> DATA:
-*-*-
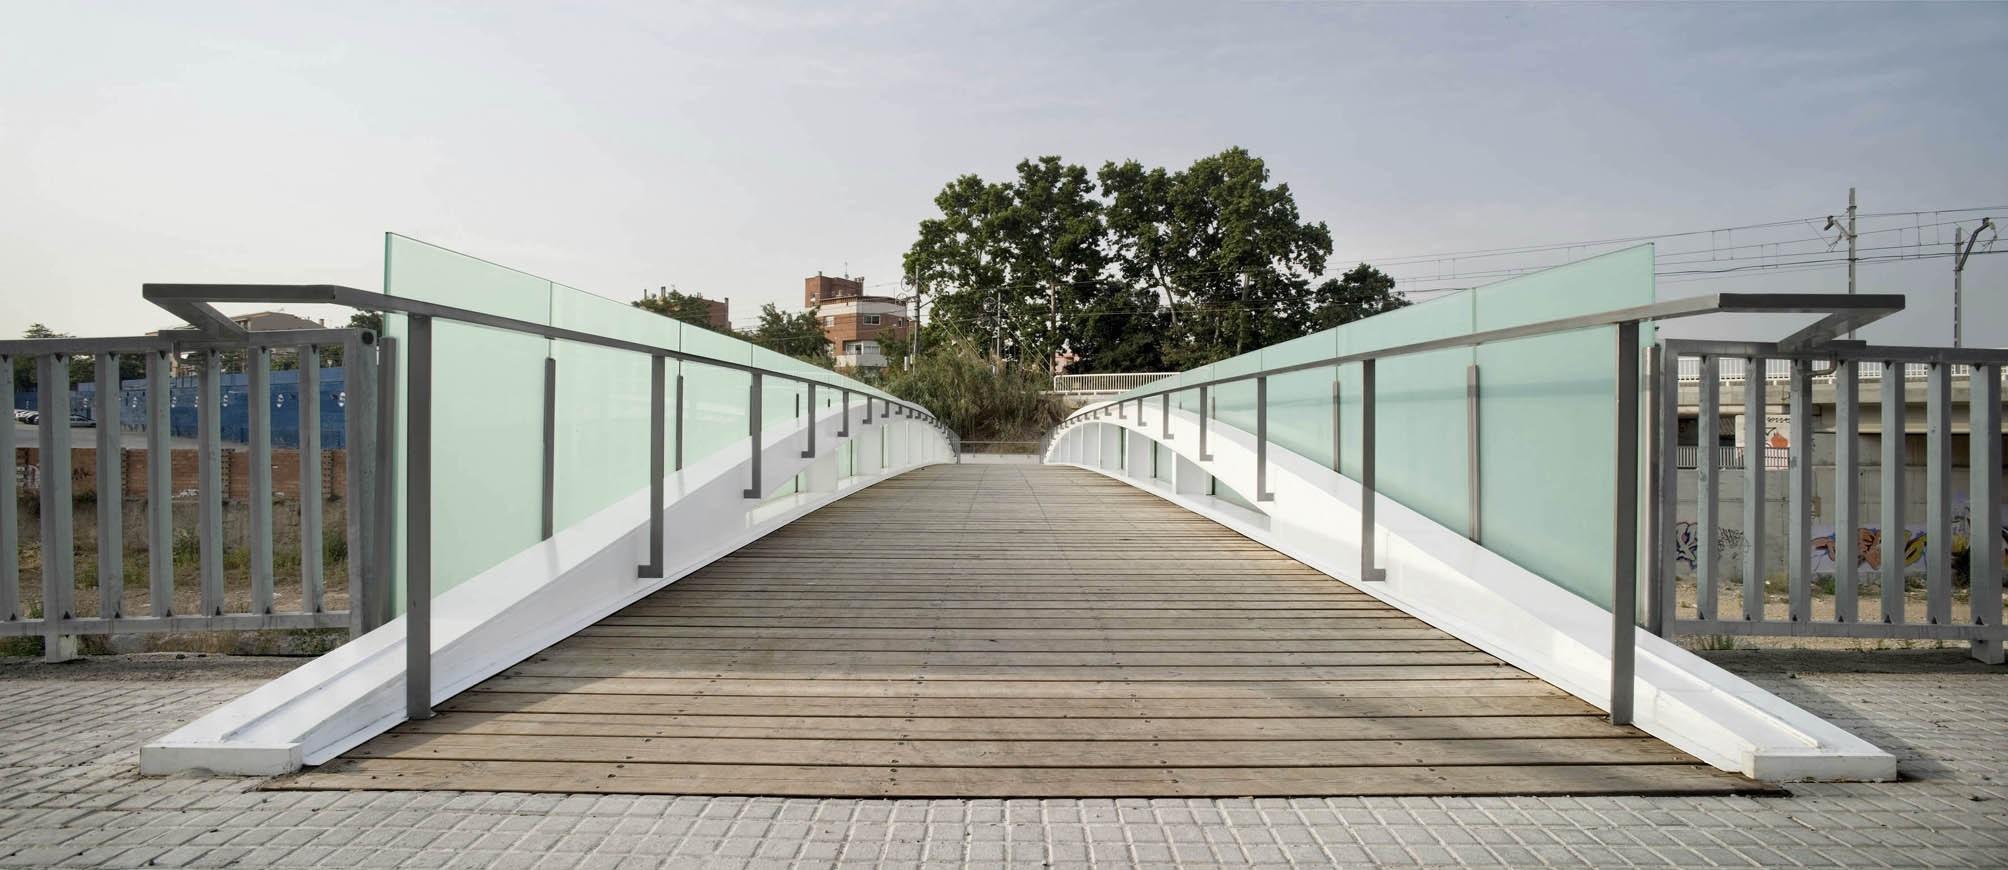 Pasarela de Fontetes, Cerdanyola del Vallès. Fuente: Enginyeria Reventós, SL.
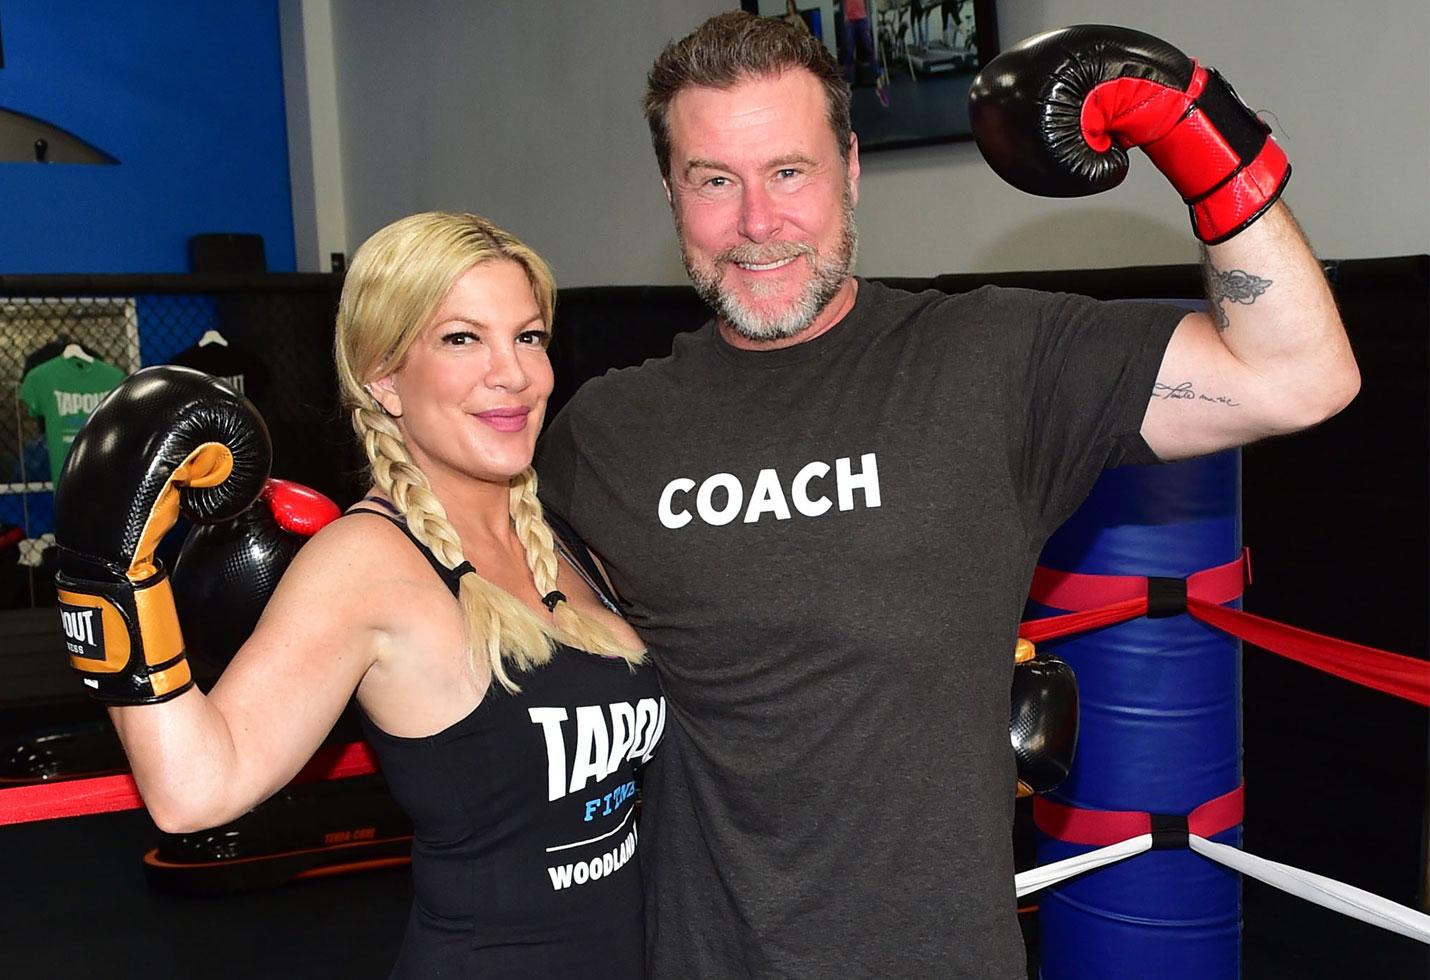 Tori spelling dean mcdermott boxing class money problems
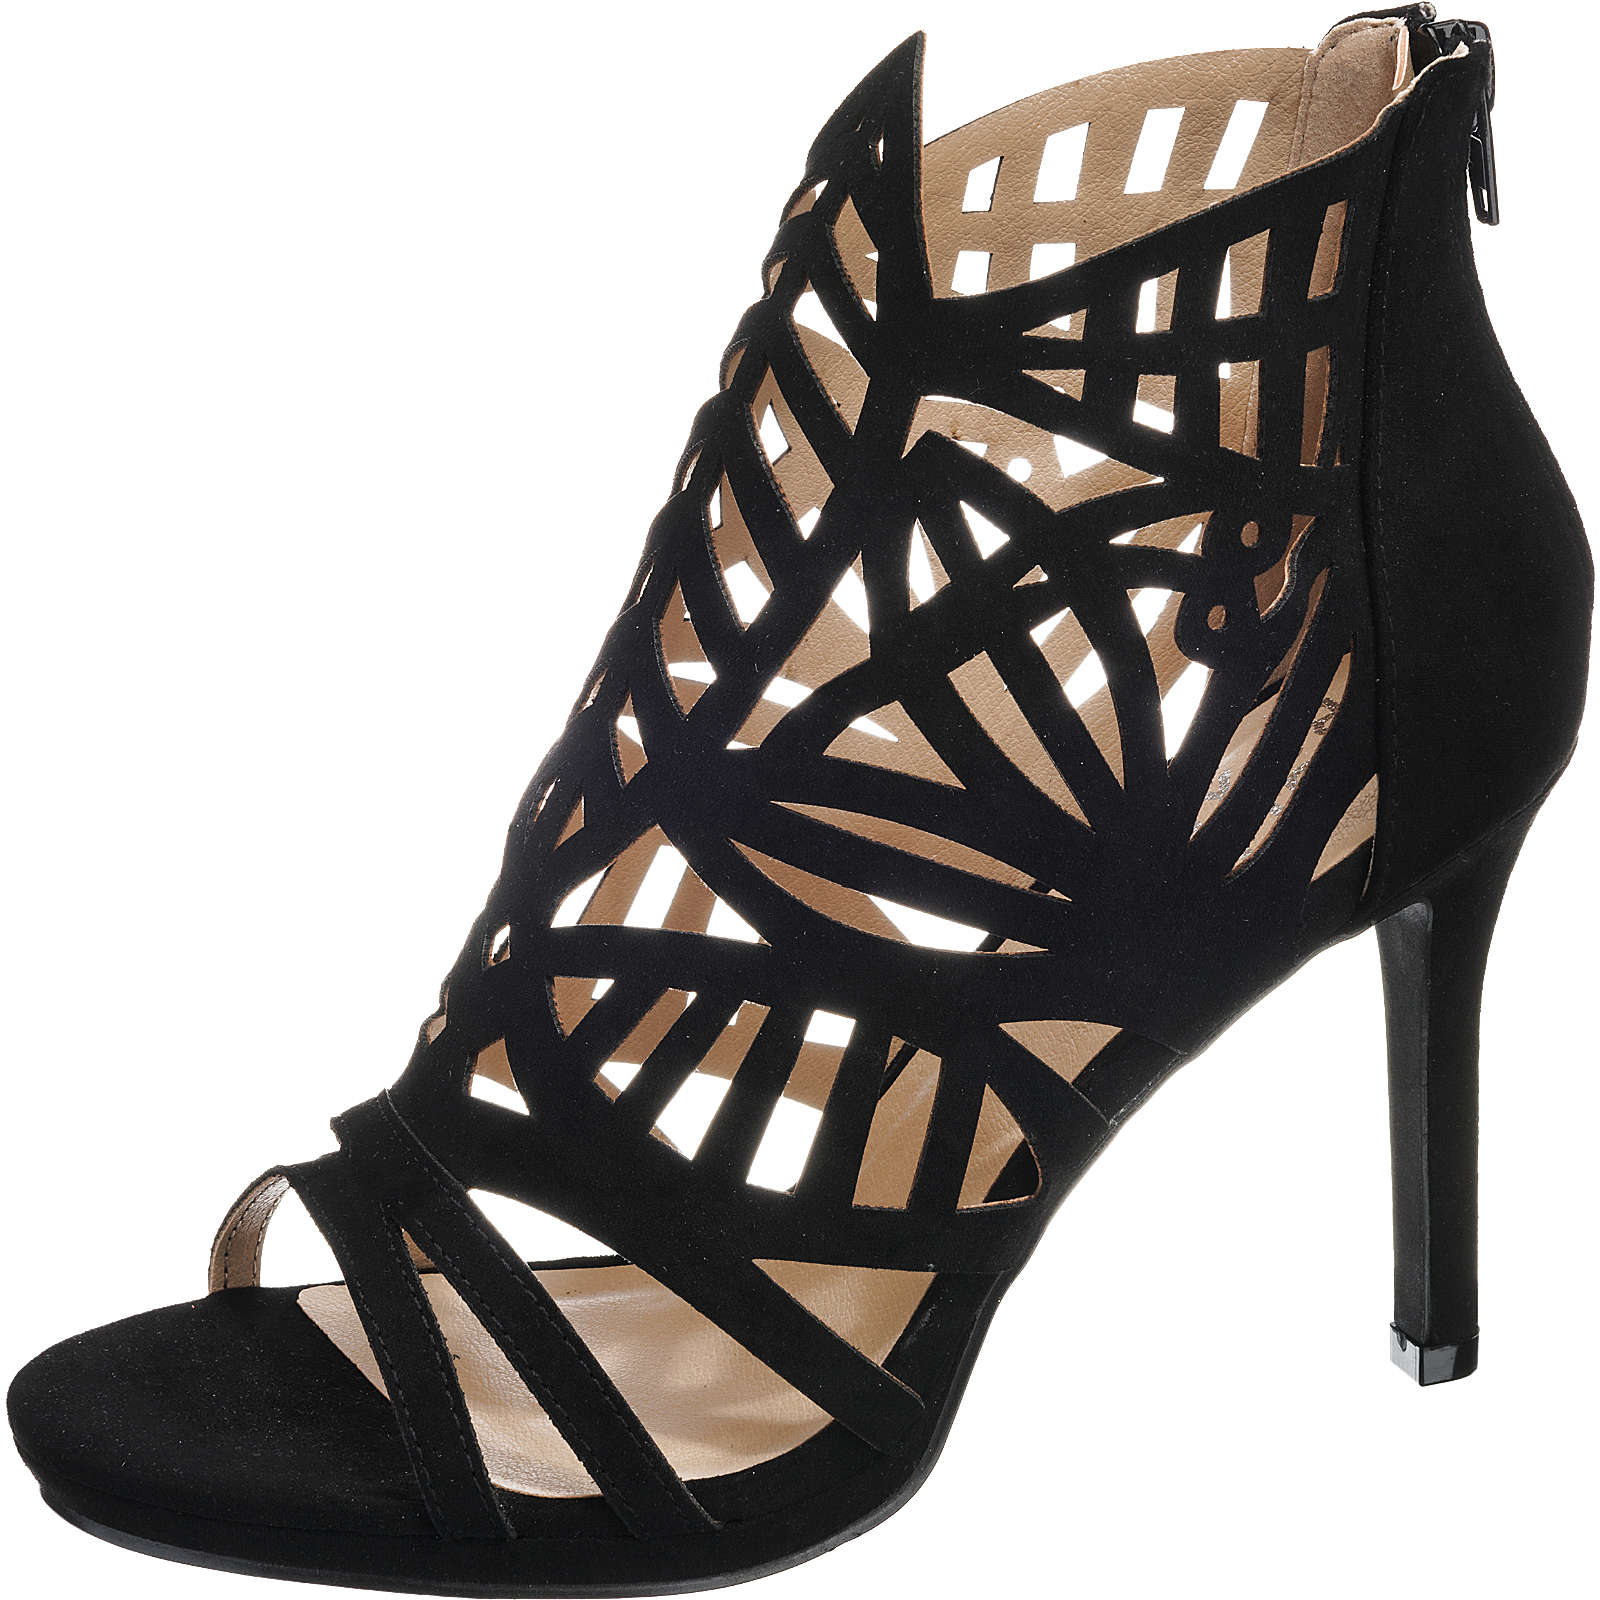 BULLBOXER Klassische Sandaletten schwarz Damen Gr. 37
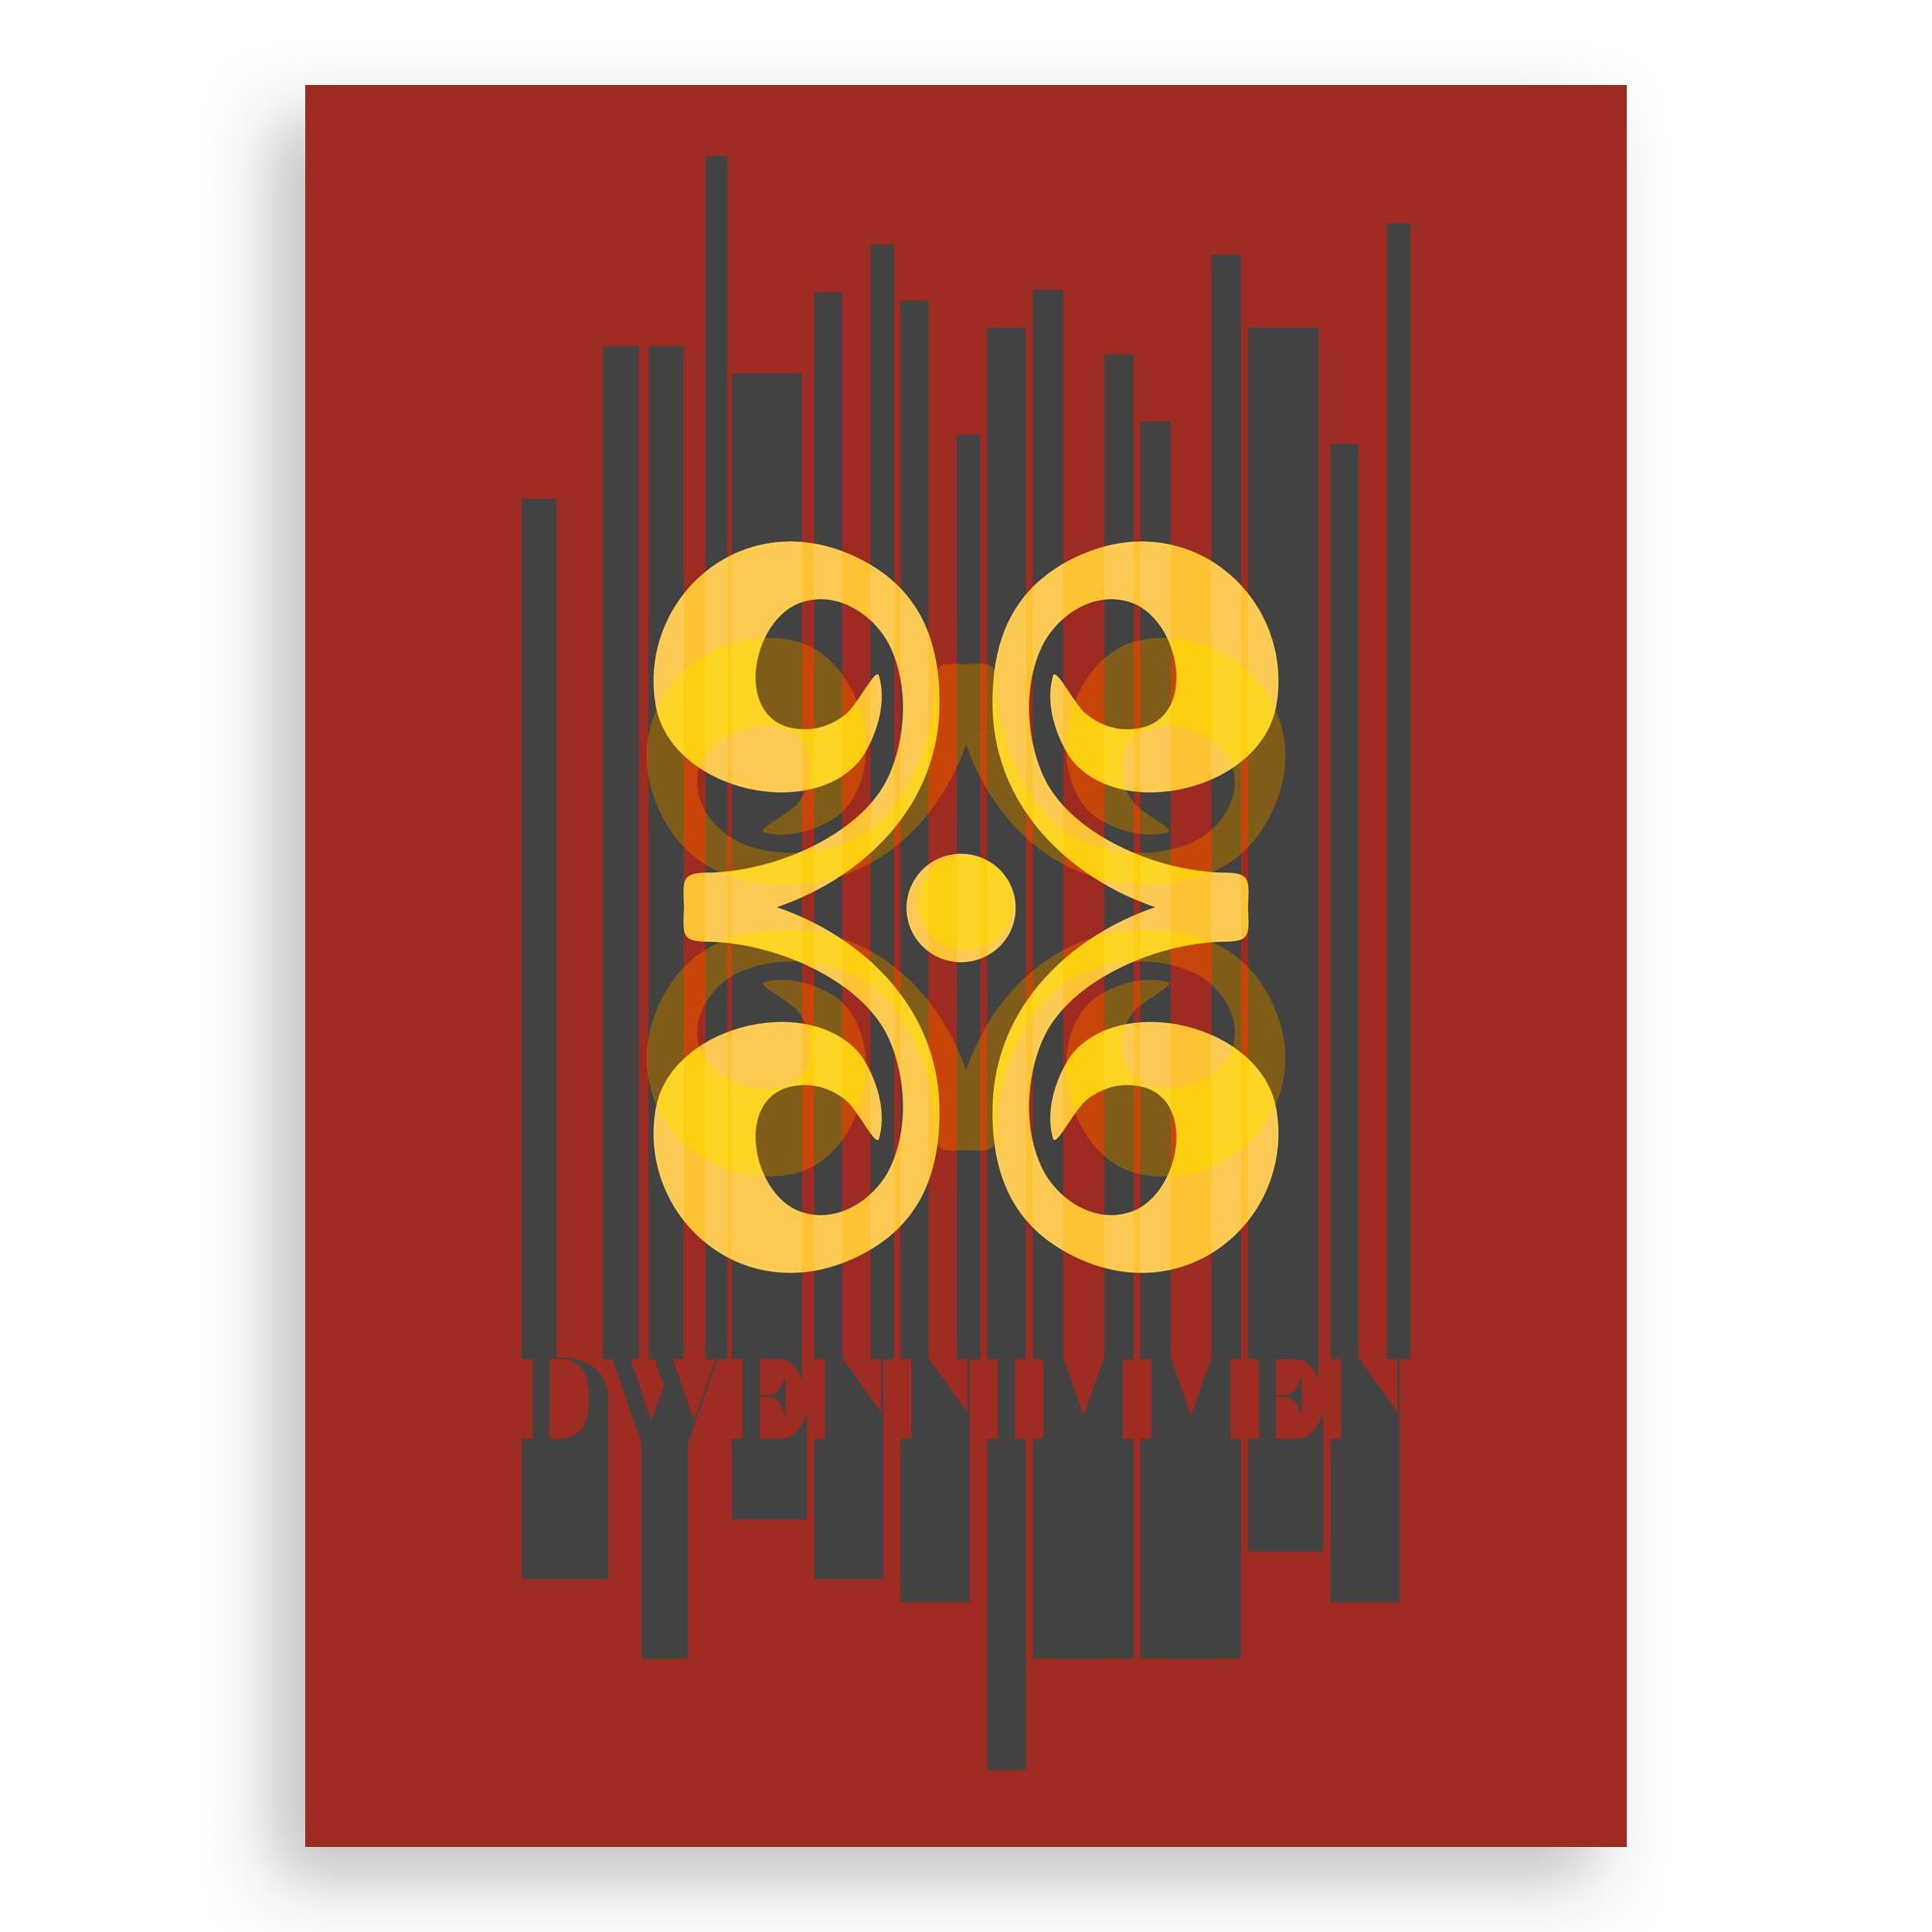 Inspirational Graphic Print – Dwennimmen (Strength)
-*-*-
> AIM OF THE TASK: Omit the pictures, and quote the material above exactly as given.

> EXERCISE RESPONSE:
 Pasarela de Fontetes, Cerdanyola del Vallès. Fuente: Enginyeria Reventós, SL.
 Tori spelling dean mcdermott boxing class money problems
 BULLBOXER Klassische Sandaletten schwarz Damen Gr. 37
 Inspirational Graphic Print – Dwennimmen (Strength)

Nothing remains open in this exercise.